Dining in Antwerp
Belgium's kinship to brewing figures high in the country's culture and regional differences give way to local flavors. Antwerp has its own brewery, De Koninck (The King), and its light-amber beer is drunk in a special 8 oz. glass. Some prefer the beer in a smaller glass called a prinske (prince).
In the past, every household had a bottle of Elixir d'Anvers in its medicine cabinet, a homemade remedy respected for its healing properties. Touted as strong enough to cure a horse, its use was endorsed by Louis Pasteur. It consists of 32 different kinds of herbs; saffron gives it a yellow color. Nowadays, it's simply a popular aperitif.
Worstenbrood (sausage in bread) is typically eaten the Monday following January 6th.

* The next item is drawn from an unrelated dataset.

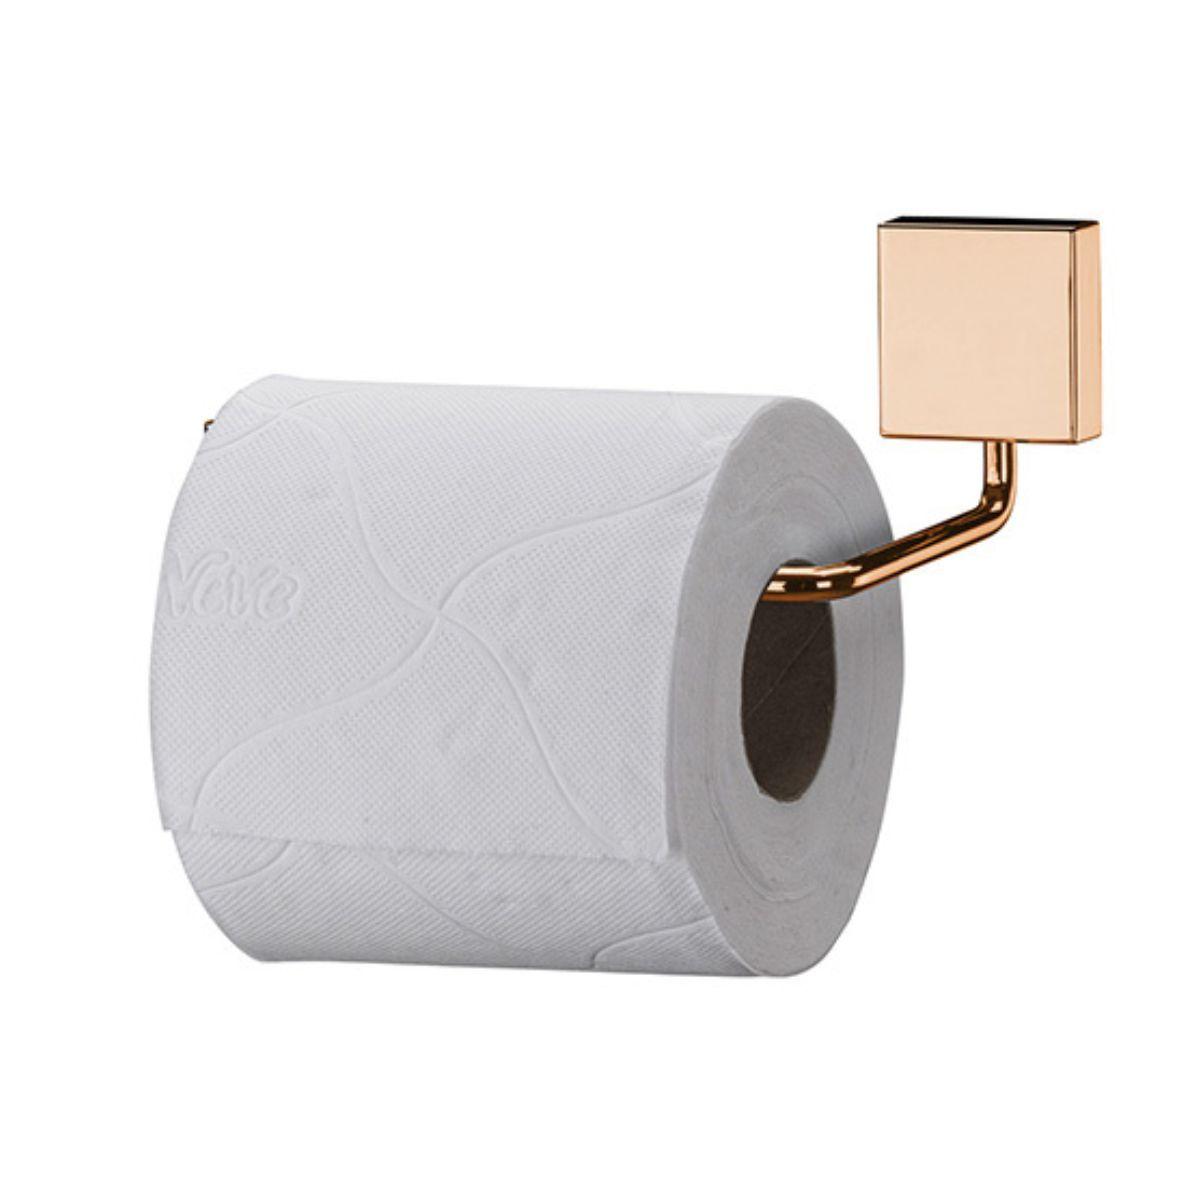 Kit Banheiro Cobre Rosé Gold 5 Peças Fixação Parafuso Aço

Tradition dictated that corporations and guilds hold annual meetings at the beginning of the year, after which people didn't return to work, leading to verloren maandag (Lost Monday). The butcher offered employees sausages and the baker, bread—hence, worstenbrood was born. Over time, it became a ritual among laborers.
Turning to the more exotic, paling in 't groen (eel in green sauce) is cooked in a special sauce with an assortment of herbs. Fricadellen met krieken (meatloaf smothered with sour cherries and a lot of sugar) is popular during holidays or feasts.